Commentary by Eoin Treacy

Monte Paschi Wins EU Backing on Revamp, Paving Way to Rescue

This article by Aoife White and Sonia Sirletti for Bloomberg may be of interest to subscribers. Here is a section:

The EU will now work with Italy on details of Monte Paschi’s final restructuring plan. Italy will need to formally notify the EU of the plan, including commitments on the restructuring. The EU will then move to adopt final approval for the recapitalization.

Monte Paschi’s senior management will have their salary capped at 10 times the average salary of bank workers as part of measures “to substantially increase its efficiency."

While subordinated bondholders will have to contribute to the costs of the restructuring, Monte Paschi will compensate retail junior bondholders who weren’t properly informed of the risk they were taking on that bonds might be converted to equity, according to the statement. The bank will buy the converted equity from those investors and pay them in “more secure senior instruments."

Eoin Treacy's view

The political need to avoid the mess of thousands of retail holders of subordinated debt and reverse convertibles being wiped out was the reason rules were bent, reinterpreted and even changed to avoid Banca Monte dei Paschi di Siena SpA being wound up. 

There is another reason though.
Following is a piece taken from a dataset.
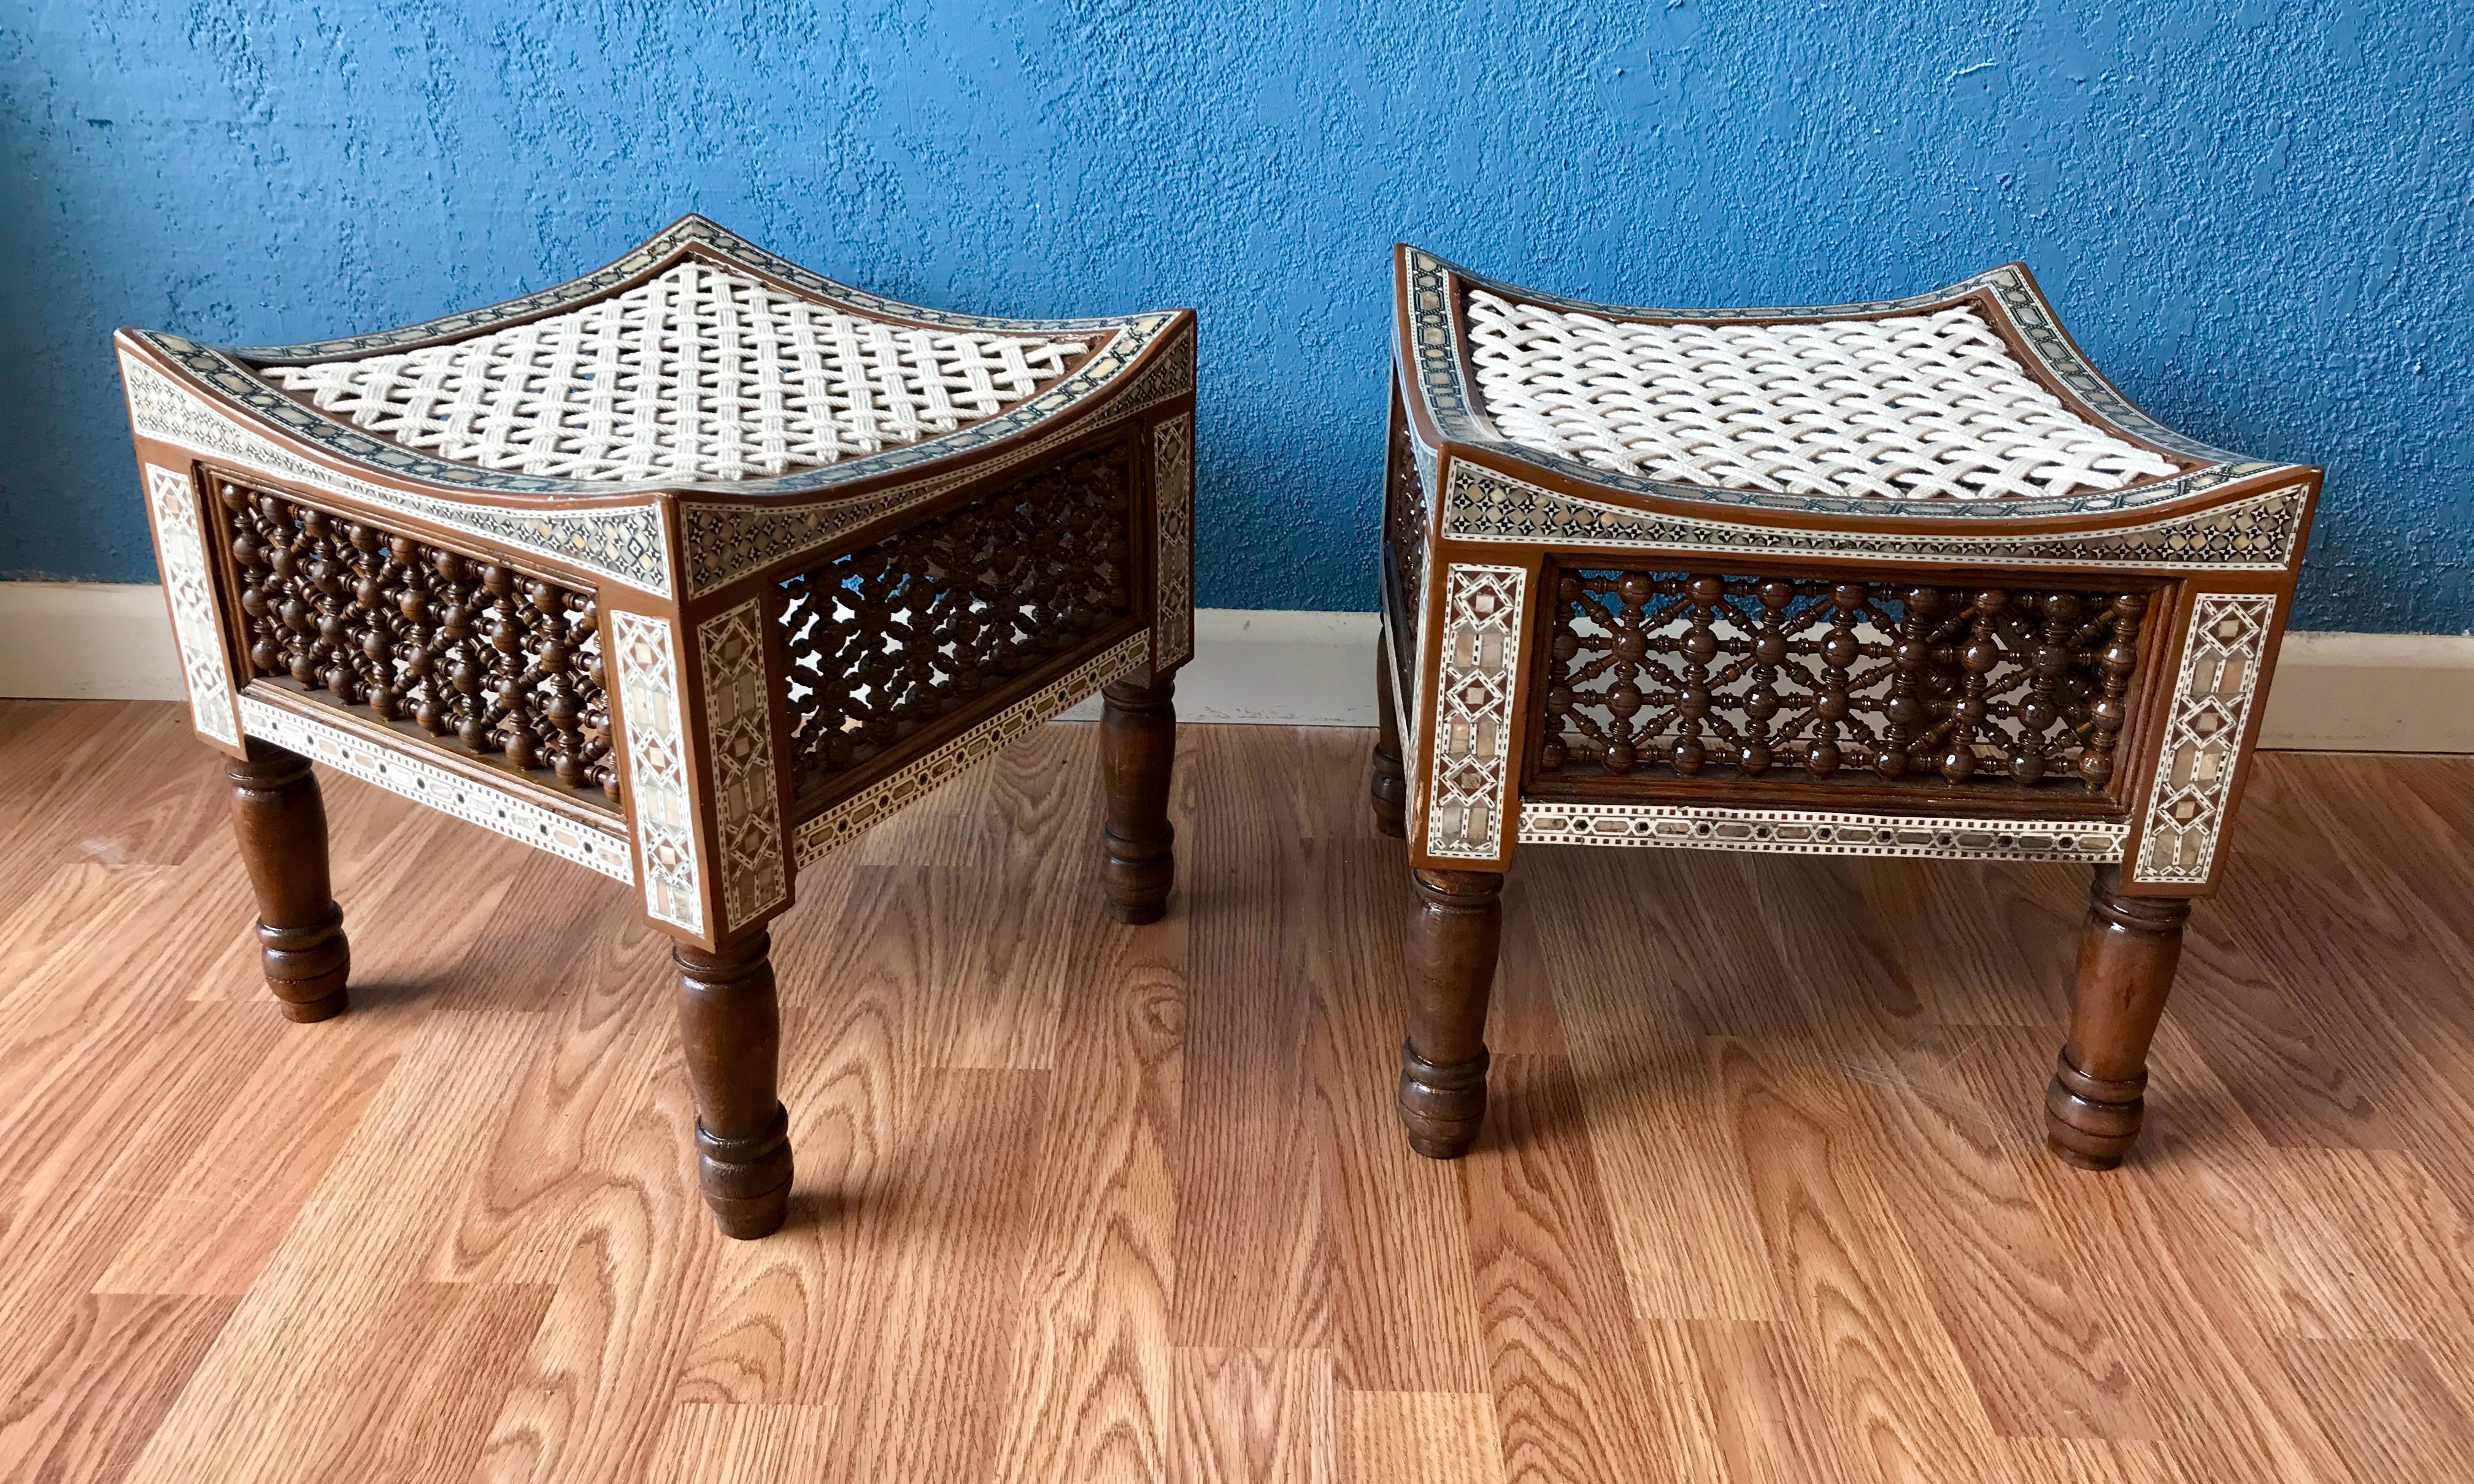 A highly stylized pair with elaborate inlays of mother-of-pearl and camel bone.
The side panels intricately carved. A Thebes like form. The tops are tied with intertwined

Mario Draghi was head of the Bank of Italy while the dodgy derivatives trades, which brought the world’s oldest bank down, were initiated. In fact at the time he was head of the Financial Stability Board which is a body focused on improving financial supervision. The Bank of Italy, which has responsibility for oversight, was obviously not paying attention while Draghi was in charge which highlights just how lax regulation was.
 
The whole affair highlights the fact that the Eurozone and its institutions will do whatever it takes to sustain the status quo. In the English speaking world we tend to think of arguments in black and white terms but European regulation and how it is interpreted for big countries versus small countries can only be described as existing in the grey between black and white. 

Italy was at the epicentre of the problem during the Eurozone’s sovereign debt crisis and its stock market remains in a long Type-3 base formation. It is currently rallying from the lower boundary and a sustained move below 20,000 would be required to question medium-term scope for a test of the upper side near 25,000.

The Greek market bounced from the region of the 2012 lows in early 2016 and has held a progression of higher reaction lows since. 

The Portuguese Index has been a regional laggard but rallied in March to break a medium-term progression of lower rally highs and continues to improve on that performance.